Exercise directions —
The data that follows is to be copied exactly, with each image removed.

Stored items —
***

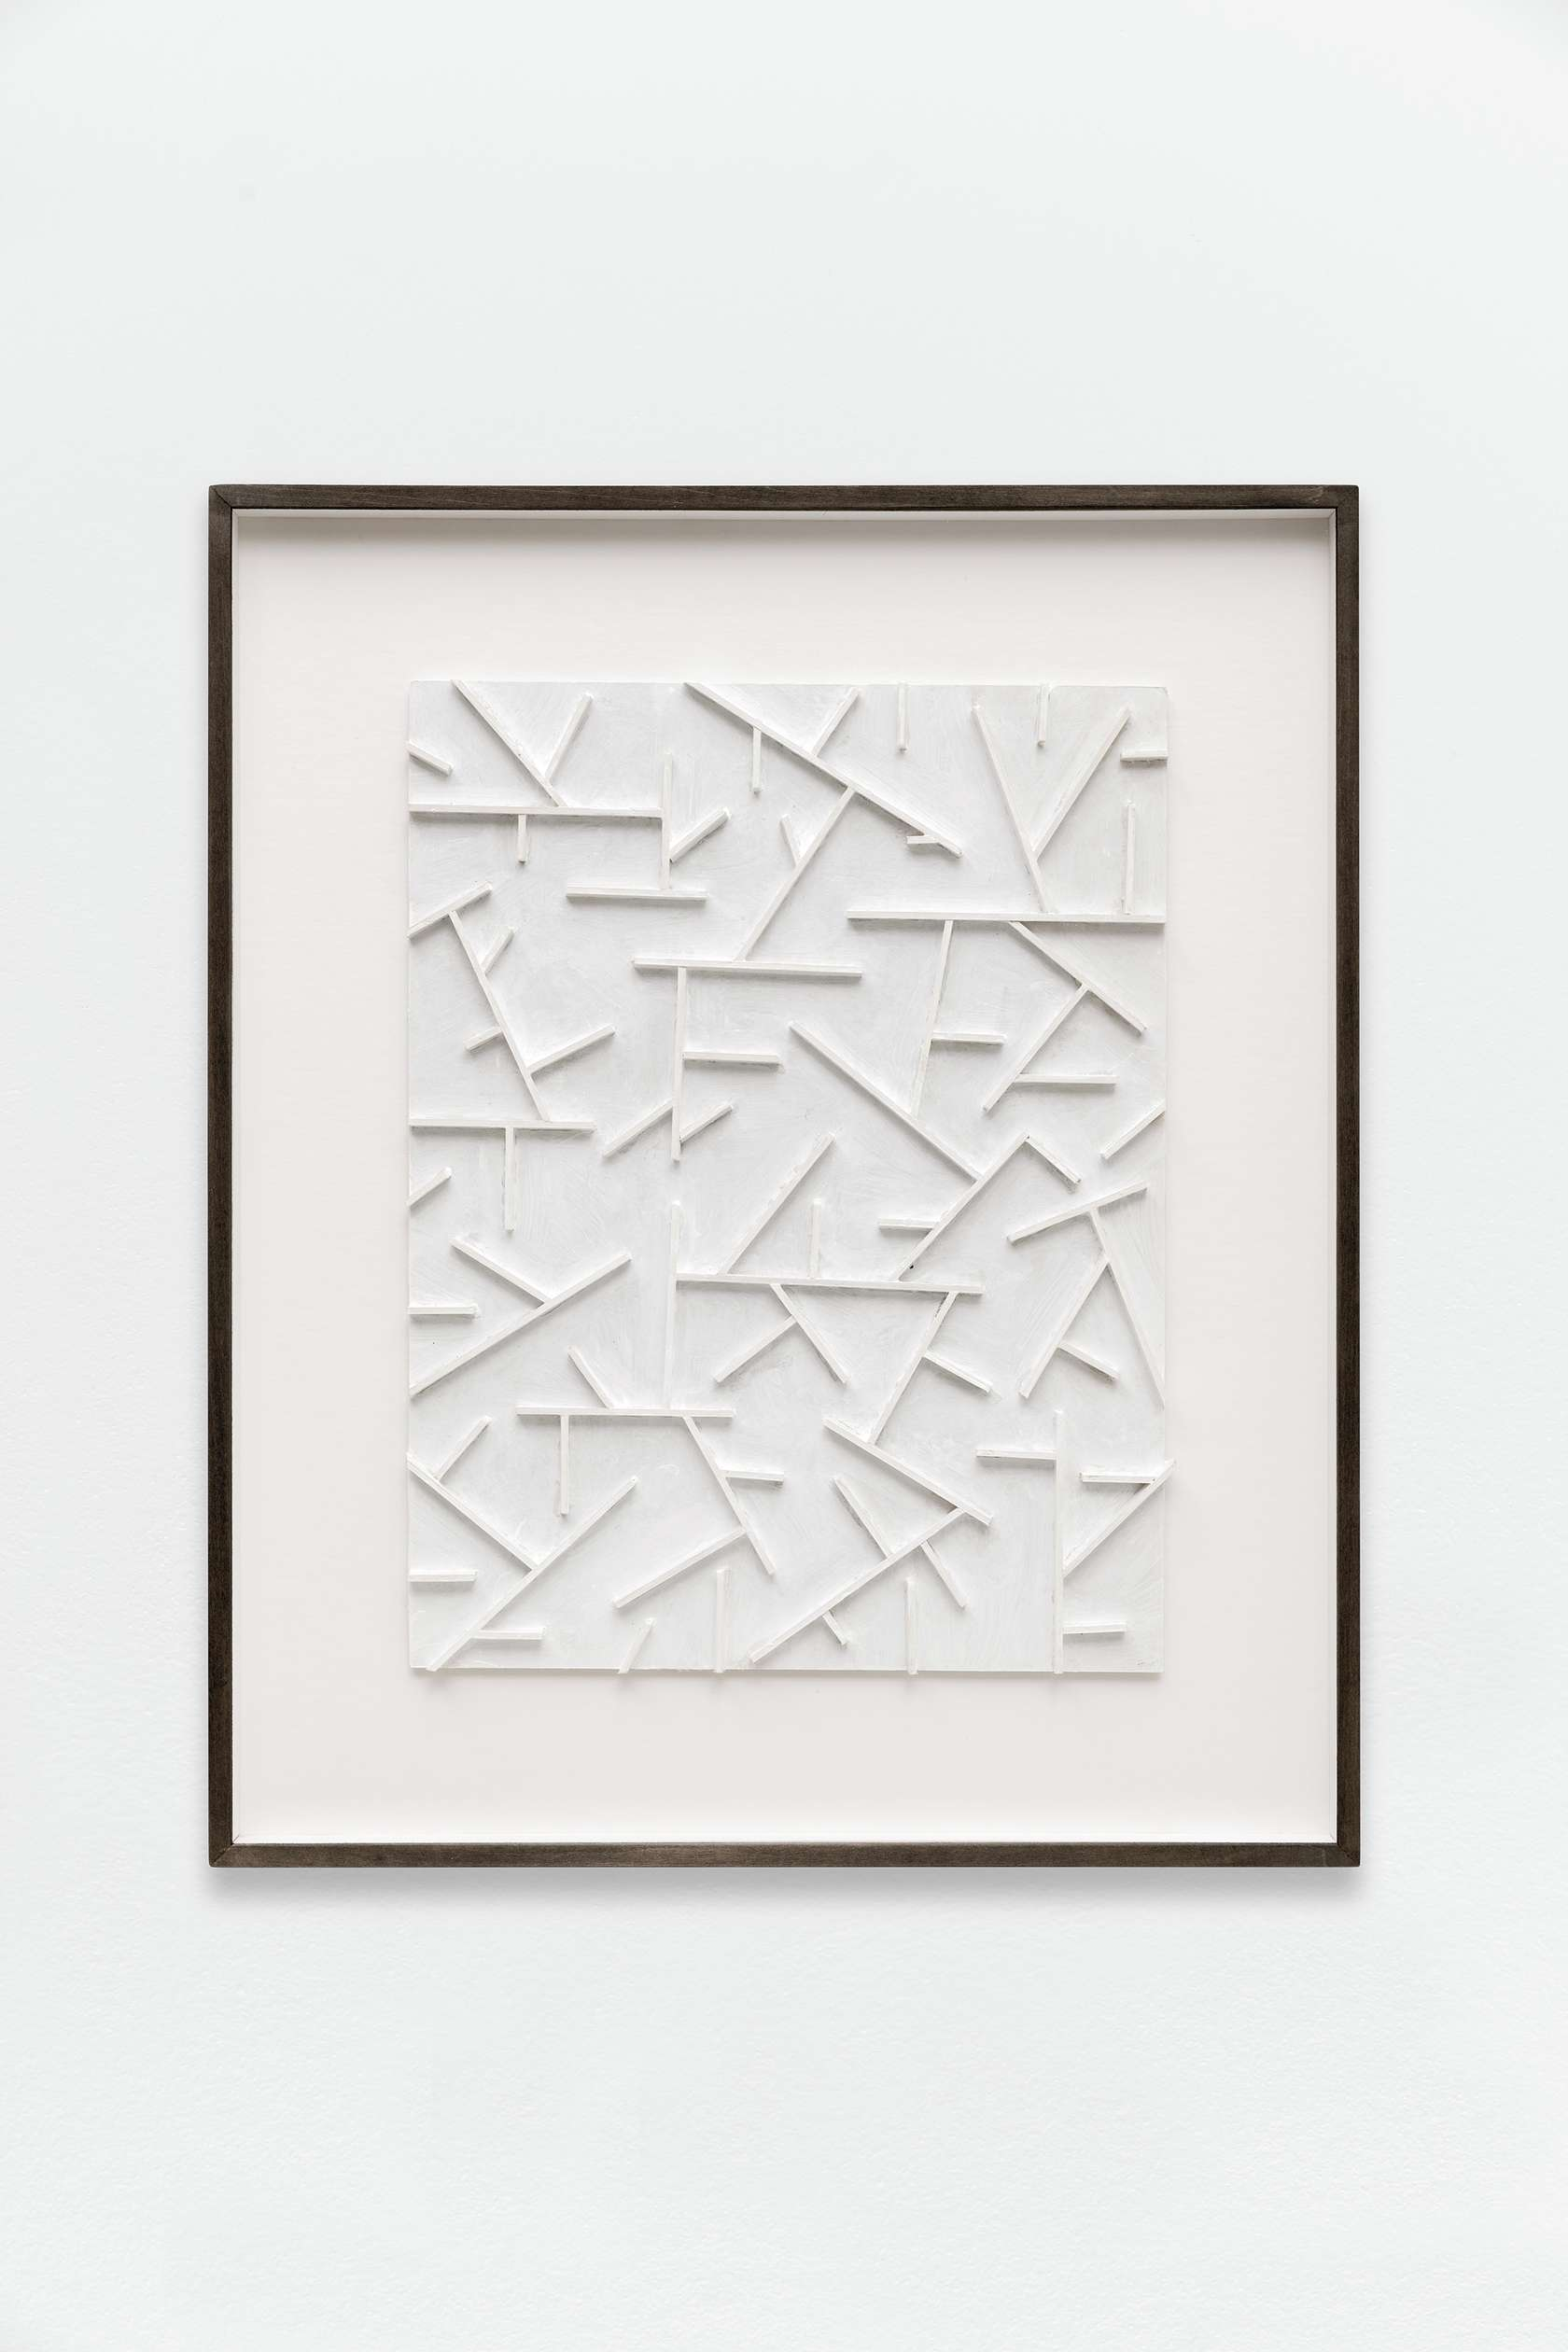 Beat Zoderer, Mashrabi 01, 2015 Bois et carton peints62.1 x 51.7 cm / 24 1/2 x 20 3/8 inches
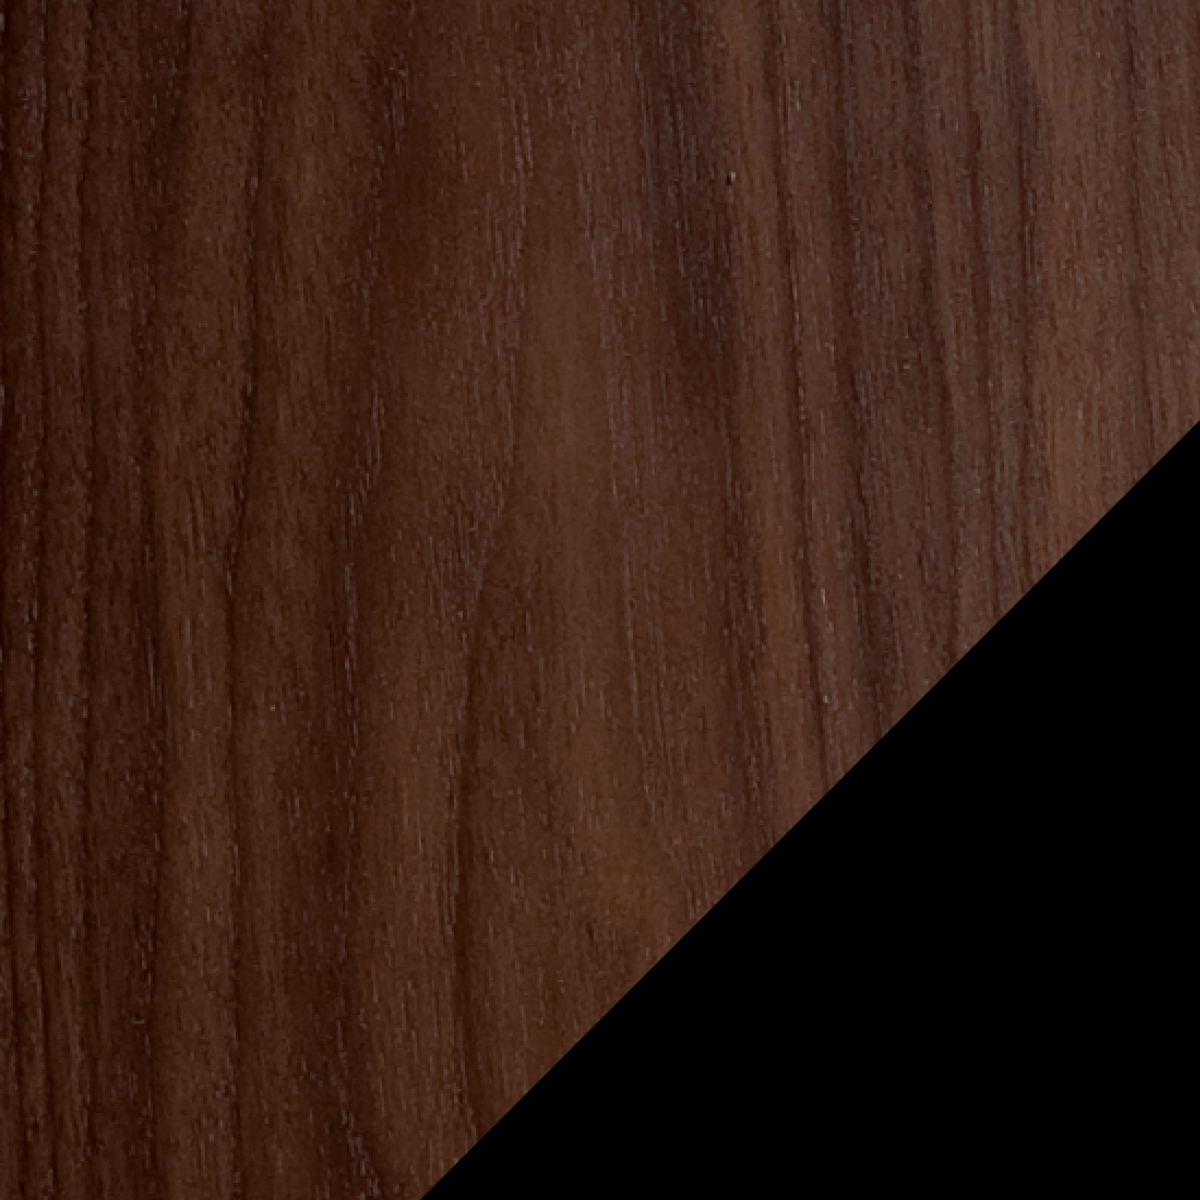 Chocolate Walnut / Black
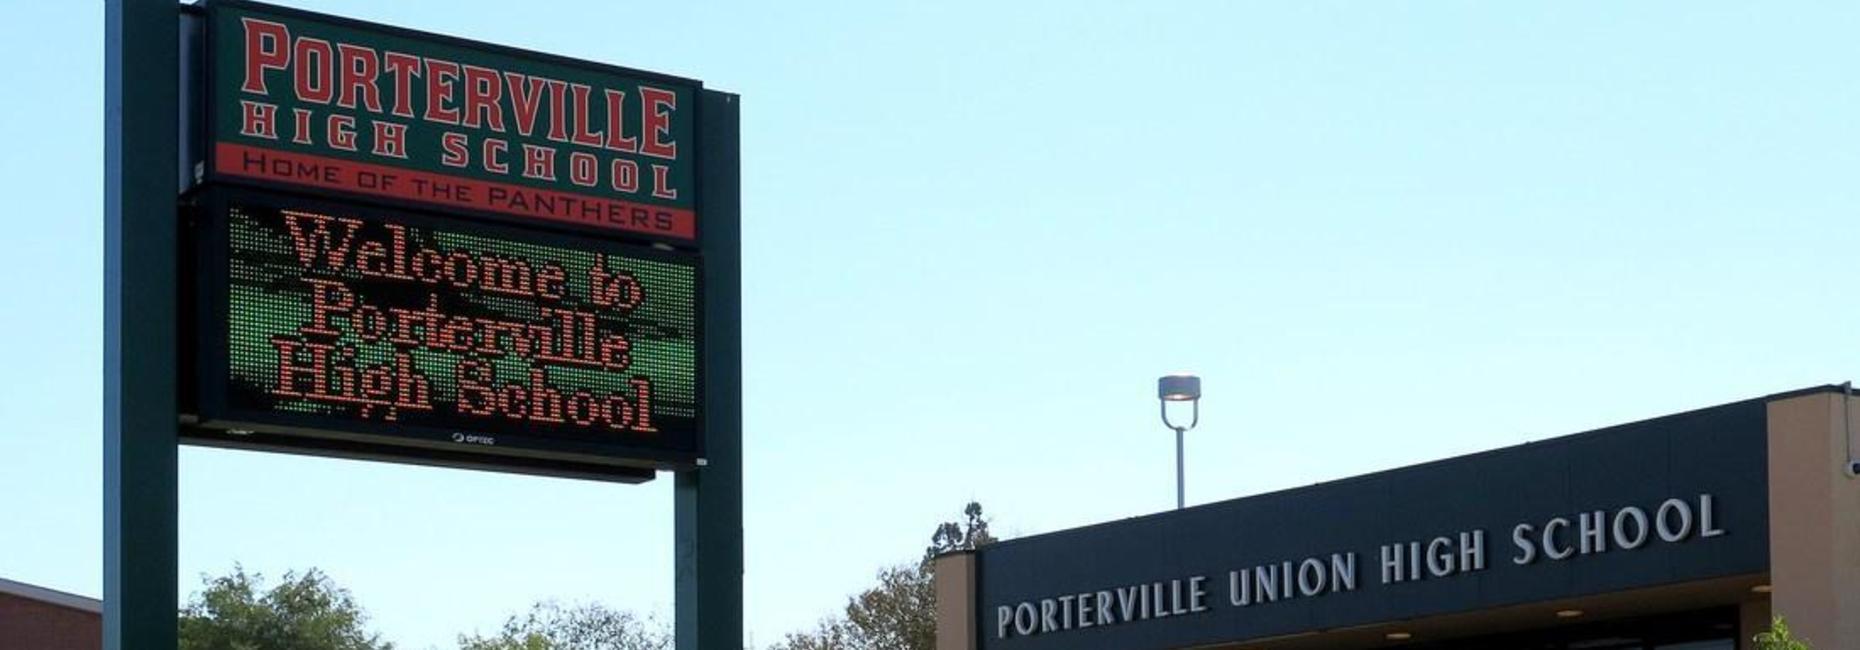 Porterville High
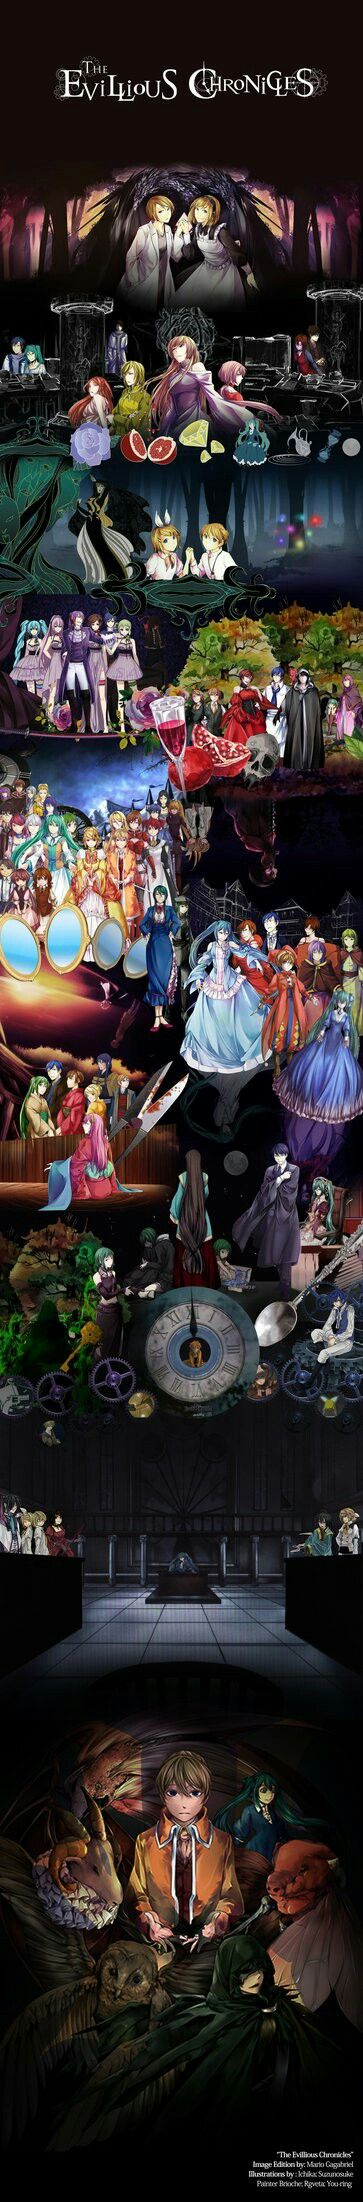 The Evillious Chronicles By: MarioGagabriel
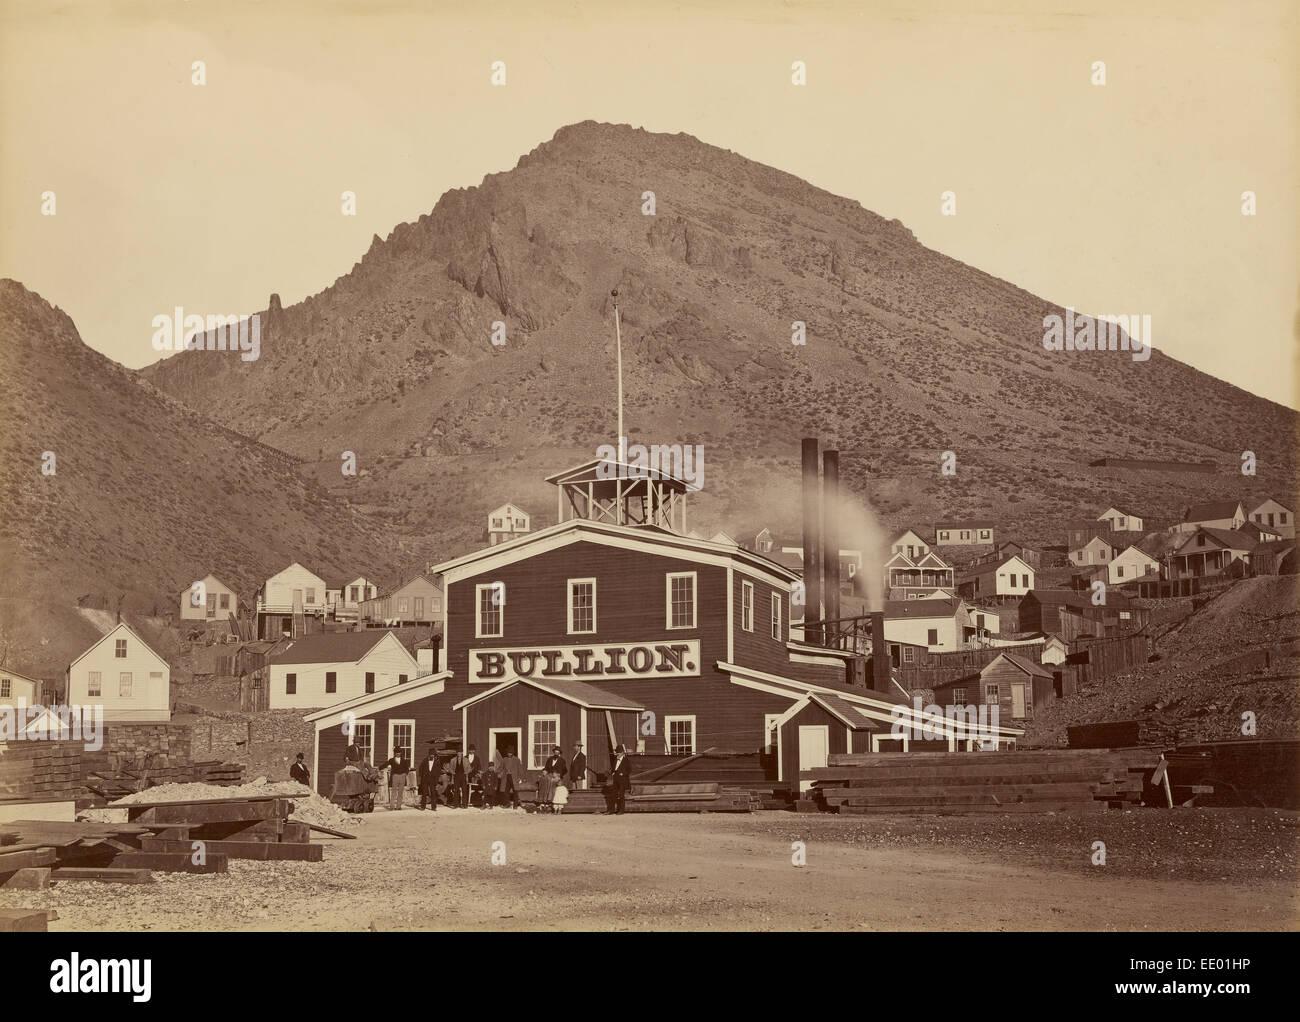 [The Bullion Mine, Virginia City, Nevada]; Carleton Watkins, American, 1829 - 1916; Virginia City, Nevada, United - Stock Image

***

Written answer —
 Beat Zoderer, Mashrabi 01, 2015 Bois et carton peints62.1 x 51.7 cm / 24 1/2 x 20 3/8 inches
 Chocolate Walnut / Black
 Porterville High
 The Evillious Chronicles By: MarioGagabriel
 [The Bullion Mine, Virginia City, Nevada]; Carleton Watkins, American, 1829 - 1916; Virginia City, Nevada, United - Stock Image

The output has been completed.